Türkiye, kritik bir seçimin ve yeni bir dönemecin arifesinde bulunuyor. Ülkemiz bugüne kadar her biri zorlu olan cumhurbaşkanlığı seçimlerinden birisine daha sahne olacak ve bu seçimde bir ilk yaşanacak. Ülkemizde cumhurbaşkanını ilk defa doğrudan halk seçecek…
Üç adayın yarışacağı ve 10 Ağustos 2014 tarihinde ilk tur oylaması yapılacak olan bu seçimler, ülkemizin geleceği ve siyaset sahnesinin şekillenmesi için de çok önemli sonuçlar doğuracak.
Cumhurbaşkanlığına aday olacağı çok önceden tahmin edilen Başbakan Recep Tayyip Erdoğan…
17 Aralık sürecine rağmen 30 Mart yerel seçimlerinden başarıyla çıkan İktidar partisi’nin cumhurbaşkanı adayının Erdoğan olması bekleniyordu ve nitekim öyle oldu. Ancak Erdoğan’ın gönlünde uzun zamandır Başkanlık Sistemi’nin bulunması ve bu seçimin doğrudan doğruya halk tarafından yapılacak olması, başkanlık tartışmalarını yeniden gündeme getirdi.
Oysa sadece seçim yöntemine ilişkin esaslar değişti, cumhurbaşkanının görev ve yetkileri değil.
Cumhurbaşkanının yasama, yürütme ve yargı ile ilgili görev ve yetkileri Anayasa’da gayet açık şekilde düzenlenmiştir. Bunlardan bazılarını ifade edecek olursak;
- Yasaları onaylamak veya yeniden görüşülmek üzere TBMM’ye göndermek,
- Anayasa değişikliklerine ilişkin yasaları gerekli gördüğü takdirde halkoyuna sunmak,
- Başbakanı atamak ve istifasını kabul etmek,
- Başbakanın önerisi üzerine bakanları atamak ve görevlerine son vermek,
- Gerekli gördüğünde Bakanlar Kurulu’na başkanlık etmek,
- TBMM adına Başkomutanlığı temsil etmek,
- Türk Silahlı Kuvvetleri’nin kullanılmasına karar vermek,
- Genelkurmay Başkanı’nı atamak, MGK’ya başkanlık etmek…

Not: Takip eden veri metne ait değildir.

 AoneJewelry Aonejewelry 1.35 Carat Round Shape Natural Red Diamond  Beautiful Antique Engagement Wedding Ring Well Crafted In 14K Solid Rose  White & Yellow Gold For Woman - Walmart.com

Anayasa’daki bu görev ve yetkiler, seçim halk tarafından yapılıyor diye değişmeyeceğine göre Erdoğan’ın söylemlerinde bu yetkileri belki de sınırlarını zorlayarak, sonuna kadar kullanacağının işaretleri açıkça görülüyor. Yol yapmaktan icrai birçok faaliyetin takibine kadar aktif bir cumhurbaşkanı olacağını vaat ediyor. Örneğin, gerekli görüldüğünde Bakanlar Kurulu’na başkanlık etme maddesini rutin bir hale sokup, her Kabine toplantısına katılmayı isteyebilecek. Bu durumda bizzat yürütmenin içinde olacak ve Çankaya Köşkü’nü bir tür emeklilik yeri gibi görmediğini gösterecek. İktidar partisinin görevde olduğu bir ortamda bile böyle bir işleyişte çeşitli sorunlar çıkması muhtemelken 2015 genel seçimlerinde ise iktidarın değişmesi durumunda tam bir kaos yaşanabilir…

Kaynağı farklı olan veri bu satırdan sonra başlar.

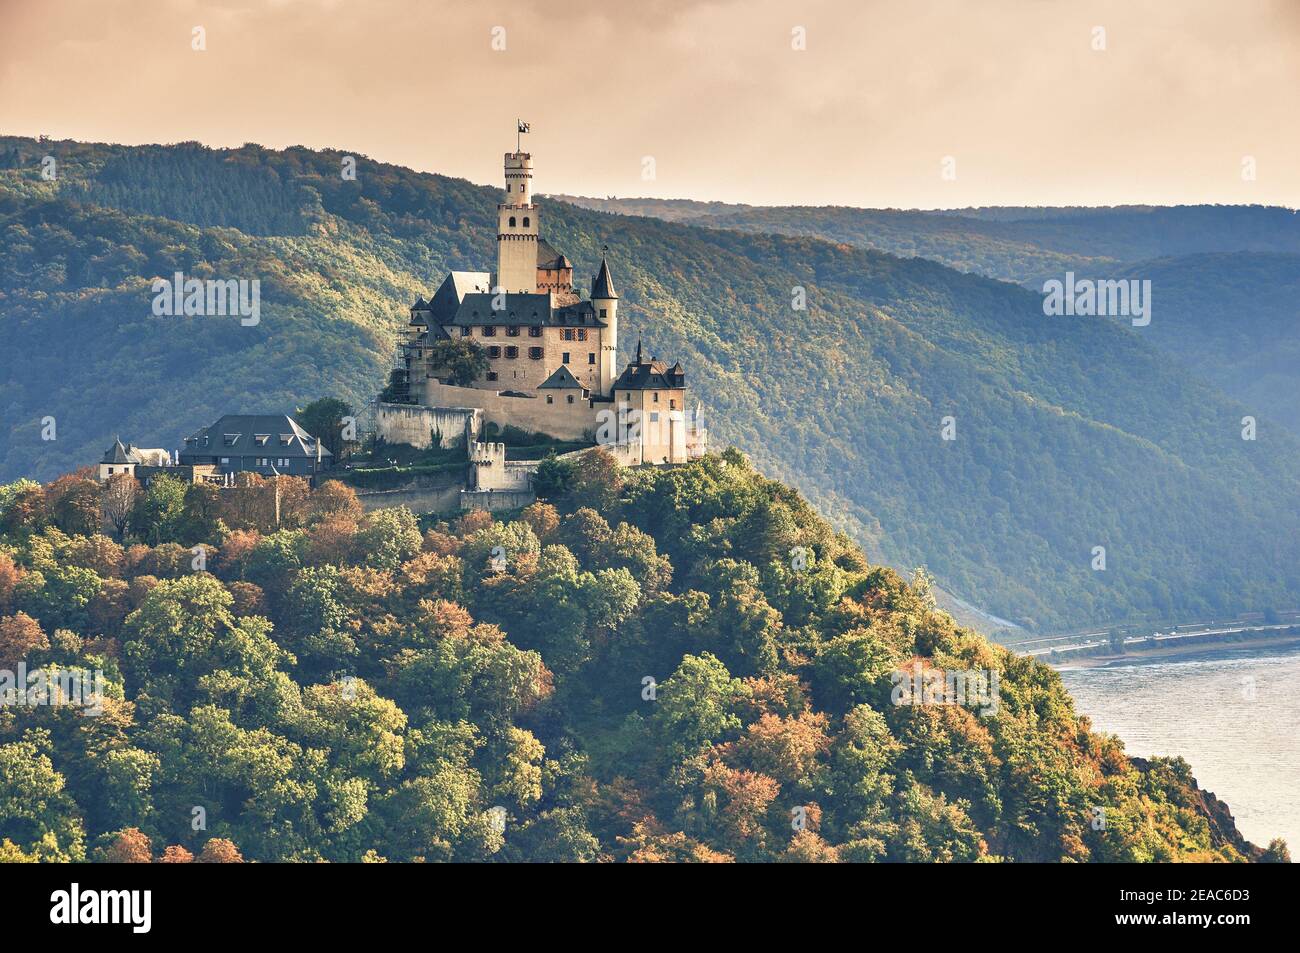 Germany, Marksburg, Braubach, slate cone, middle ages, toll castle, Hague convention, hill castle, Stock Photo

Erdoğan’ın Artıları ve Eksileri…
Uzun bir süredir hükümet etme, siyasal istikrarın mimarı olarak görülme, muhafazakar kitleleri merkeze çekme, çözüm sürecinin başlatılması ve güçlü bir parti teşkilatının desteği ile başbakanlığı da bırakmadığına göre devlet imkanlarının elinde olması, Erdoğan’ın çok önemli artıları olarak gözüküyor ve muhtemelen bu artılar seçimi kazanmasına yetecek. Oysa Gezi ve 17 Aralık süreçlerinde takındığı toplumu ayrıştıran söylemlerden cumhurbaşkanlığı adaylığında dahi kaçınmaktan vazgeçmemesi ve klasik bir cumhurbaşkanı yerine yetkilerini sonuna kadar kullanacağını söylemesi birçok kesim tarafından hoş karşılanmadı. Hatta Abdullah Gül’ün bu siyasi denklemde olmak istemediğini açıkça beyan etmesi, belli ki İktidar partisinin tabanında da bazı sancıları doğurabilir. Zira Erdoğan’ın olası cumhurbaşkanlığı sonrası ne partiden ne de hükümetten elini, eteğini çekmeyeceği açıkça görülüyor.

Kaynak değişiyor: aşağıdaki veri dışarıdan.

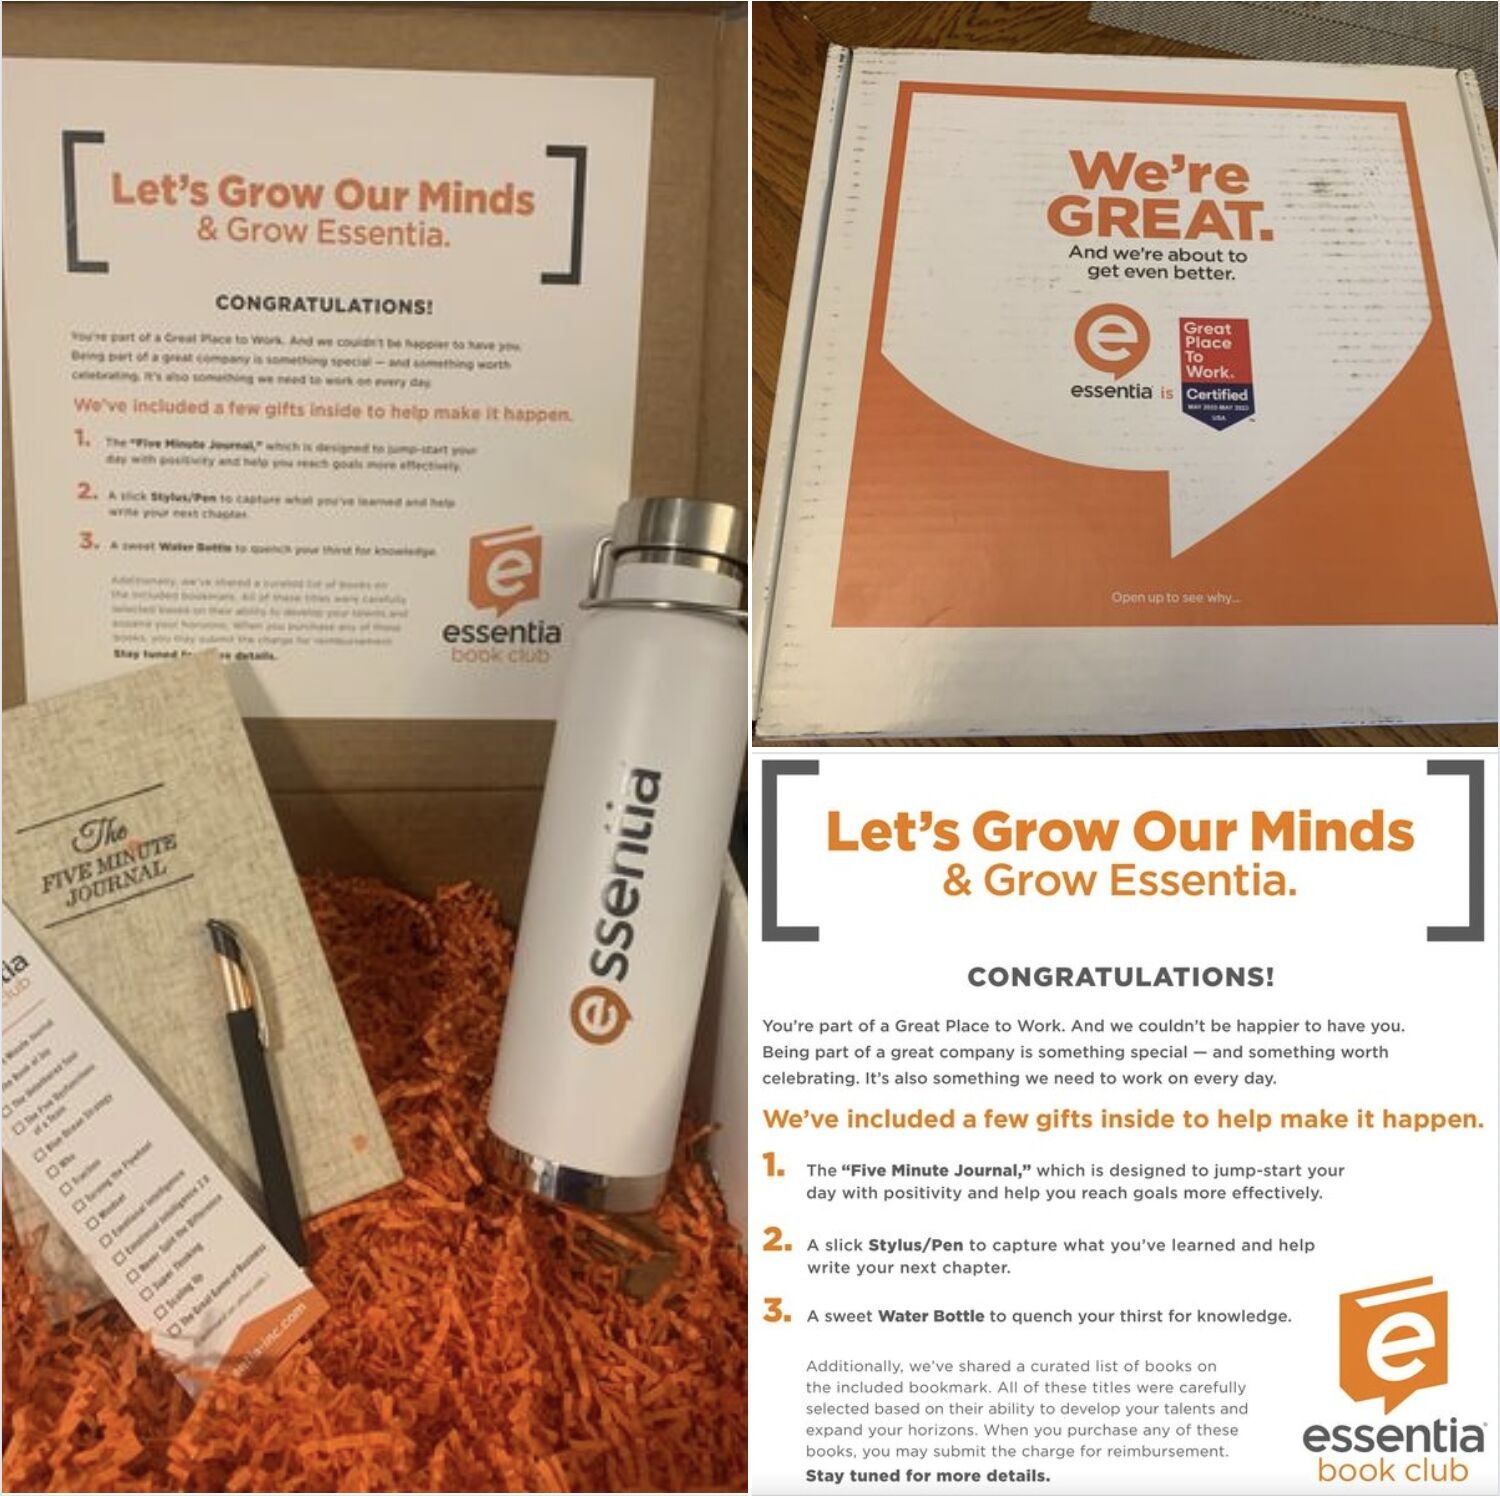 Essentia launched a book club by sending a swag box to all team members.

Erdoğan’ın Seçim Sloganı : “Milli İrade, Milli Güç”
Erdoğan, seçim söylemini “Devletin değil, milletin tarafında olmak” üzerine kurdu. Oysa cumhurbaşkanlığı makamı, tüm devlet kurumlarının ahenkli çalışmasını sağlamayı amaçlayan ve devleti en üst noktada temsil eden bir makamdır. Devletin tarafında olmamak veya devlet ile milleti karşı iki kutupmuş gibi göstermek, bu makamın temsiline ve “devletin başı” sıfatına pek uygun bir ifade olmasa gerek. Bunun yanı sıra rakibi konumundaki bir aday için saksı ve vazo gibi benzetmelerin bu makama aday olan hiçbir kimse için yakışık almayacağını kabul etmeliyiz. Erdoğan, siyaset dışından olan ve elinden geldiğince nazik bir üslup sergileyen bir rakibi karşısında bile siyaset dilini yumuşatmıyor.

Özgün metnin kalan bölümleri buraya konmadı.